On the technical side, to get the most out of the examples in the book, you will need access to a computer or server where you have privileges to install and run Python and other software packages and applications. For many of the examples, access to a UNIX type terminal, such as bash or zsh, is assumed. The examples in this book were written and tested on both a Linux machine running Ubuntu LTS and an M2 Macbook Pro running macOS. If you use a different setup, for example Windows, the examples may require some translation in order to work for your system. Note that the use of the M2 Macbook Pro means several examples show some additional information to get the examples working on Apple Silicon devices. These sections can comfortably be skipped if your system does not require this extra setup.
Many of the Cloud based examples leverage Amazon Web Services (AWS) and so require an AWS account with billing setup. Most of the examples will use the free-tier services available from AWS but this is not always possible. Caution is advised in order to avoid large bills. If in doubt, it is recommended you consult the AWS documentation for more information. As a concrete example of this, In Chapter 5, Deployment Patterns and Tools, we use the Managed Workflows with Apache Spark (MWAA) service from AWS. There is no free tier option for MWAA so as soon as you spin up the example, you will be charged for the environment and any instances. Ensure you are happy to do this before proceeding and I recommend tearing down your MWAA instances when finished.
Conda and Pip are used for package and environment management throughout this book, but Poetry is also used in many cases. To facilitate easy reproduction of development environments for each chapters in the book’s GitHub repository, (https://github.com/PacktPublishing/Machine-Learning-Engineering-with-Python-Second-Edition), each chapter of the book has a corresponding folder and within that folder are requirements.txt and Conda environment.yml files, as well as helpful README files. The commands for replicating the environments and any other requirements are given at the beginning of each chapter within the book.
If you are using the digital version of this book, I still adviseyou to type the code yourself or access the code from the book’s GitHub repository (https://github.com/PacktPublishing/Machine-Learning-Engineering-with-Python-Second-Edition). Doing so will help you avoid any potential errors related to the copying and pasting of code.

Download the example code files

As mentioned above, the code bundle for the book is hosted on GitHub at https://github.com/PacktPublishing/Machine-Learning-Engineering-with-Python-Second-Edition. We also have other code bundles from our rich catalog of books and videos available at https://github.com/PacktPublishing/. Check them out!

Download the color images

We also provide a PDF file that has color images of the screenshots/diagrams used in this book. You can download it here: https://packt.link/LMqir.

Conventions used

There are a number of text conventions used throughout this book.

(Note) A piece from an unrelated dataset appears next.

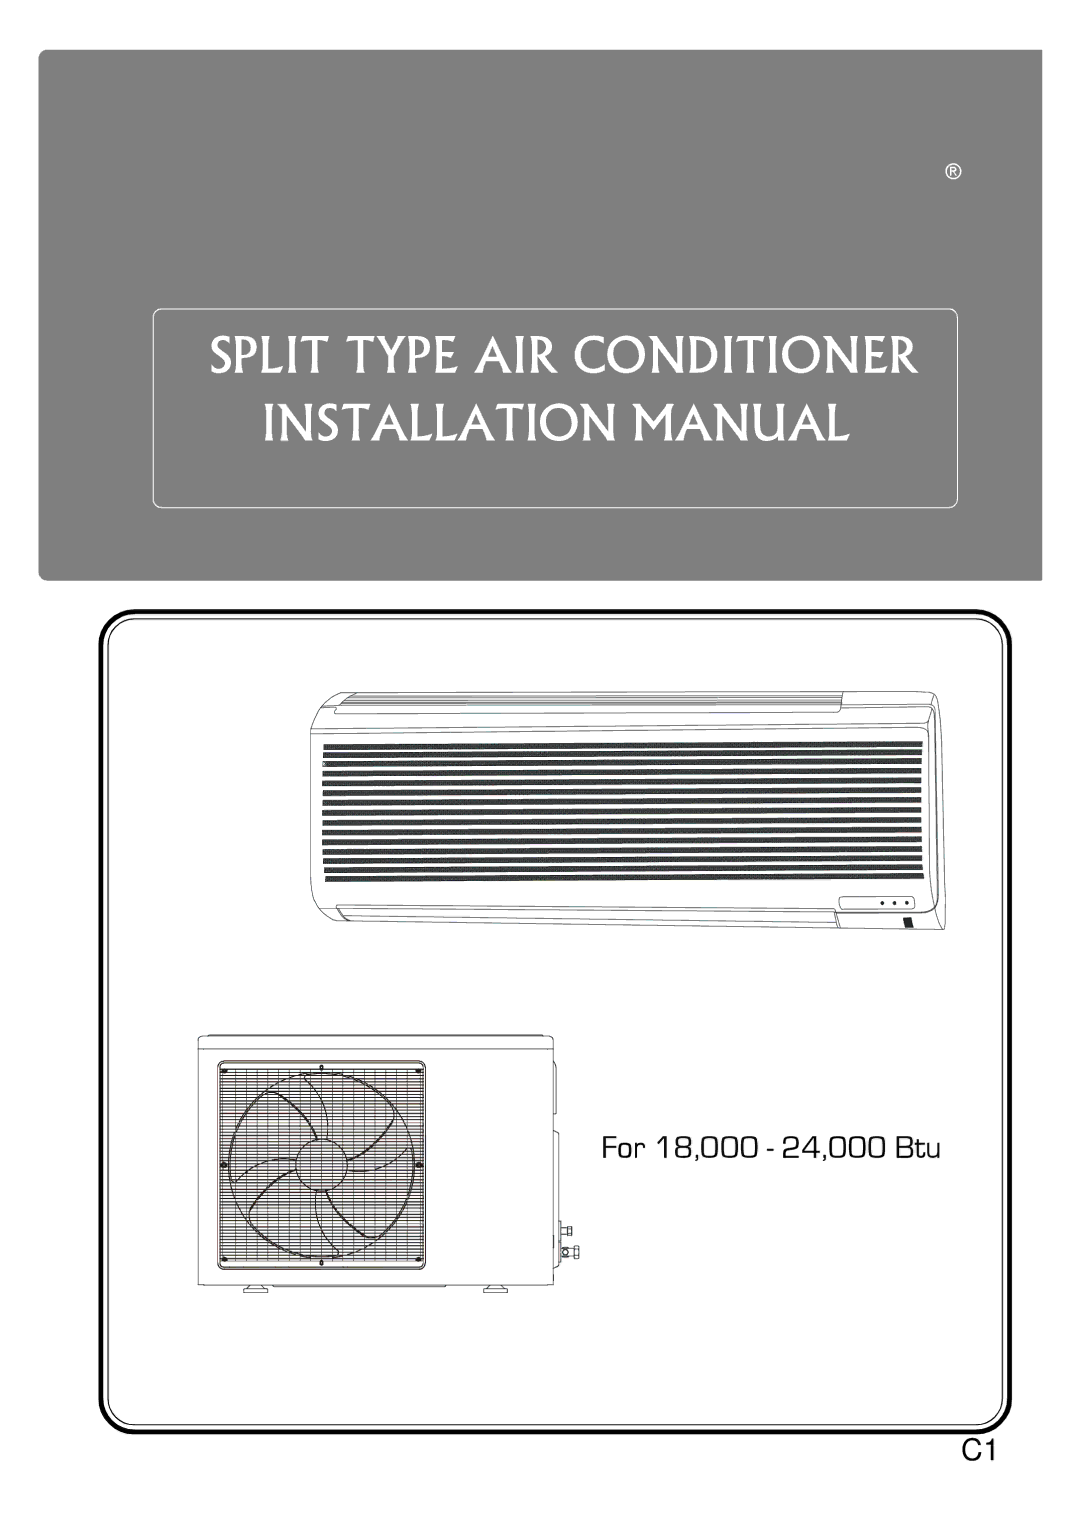 Fedders R407C service manual Split Type AIR Conditioner Installation Manual

CodeInText: Indicates code words in text, database table names, folder names, filenames, file extensions, pathnames, dummy URLs, user input, and Twitter handles. For example: “First, we must import the TabularDrift detector from the alibi-detect package, as well as the relevant packages for loading and splitting the data.”

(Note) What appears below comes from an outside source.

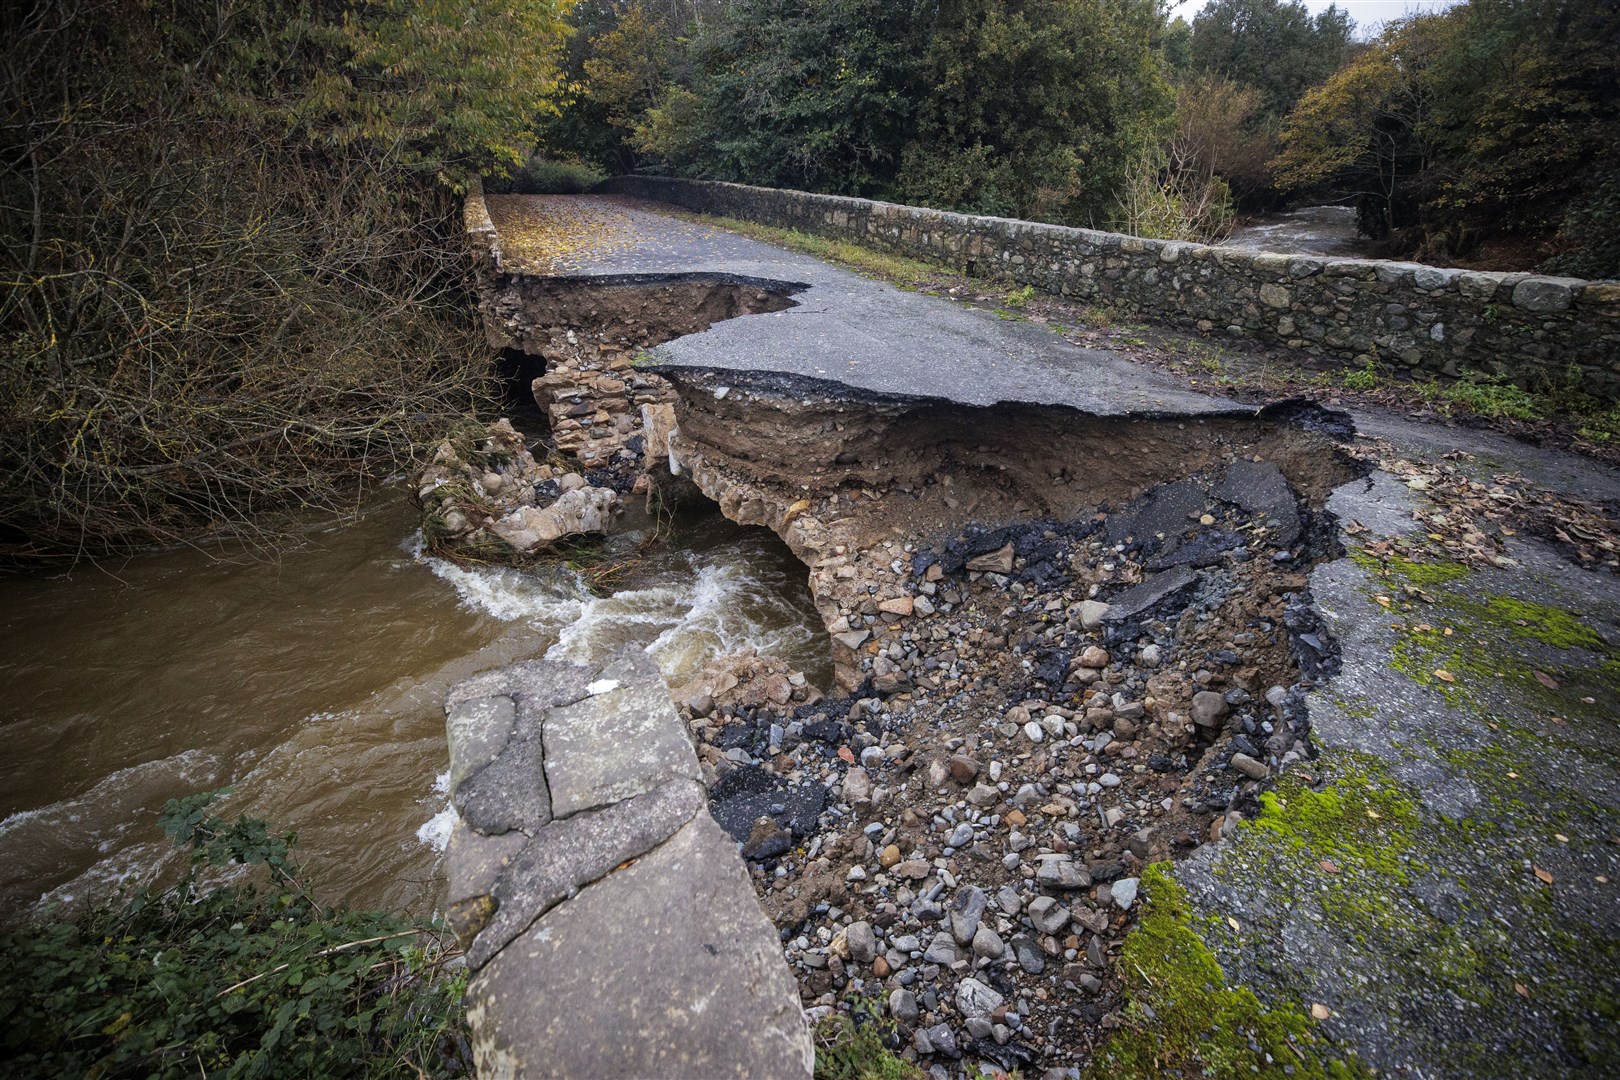 River Big Bridge outside Carlingford, Co Louth, has partly collapsed amid heavy rain and flooding (Liam McBurney/PA)

A block of code is set as follows:

from sklearn.datasets import load_wine
from sklearn.model_selection import train_test_split
import alibi
from alibi_detect.cd import TabularDrift

Any command-line input or output is written as follows and are indicated as command-line commands in the main body of the text:

pip install tensorflow-macos

Bold: Indicates a new term, an important word, or words that you see on the screen. For instance, words in menus or dialog boxes appear in the text like this. For example: “Select the Deploy button. This will provide a dropdown where you can select Create service.”

References to additional resources or background information appear like this.

Helpful tips and important caveats appear like this.

Get in touch

Feedback from our readers is always welcome.

General feedback: Email feedback@packtpub.com and mention the book’s title in the subject of your message. If you have questions about any aspect of this book, please email us at questions@packtpub.com.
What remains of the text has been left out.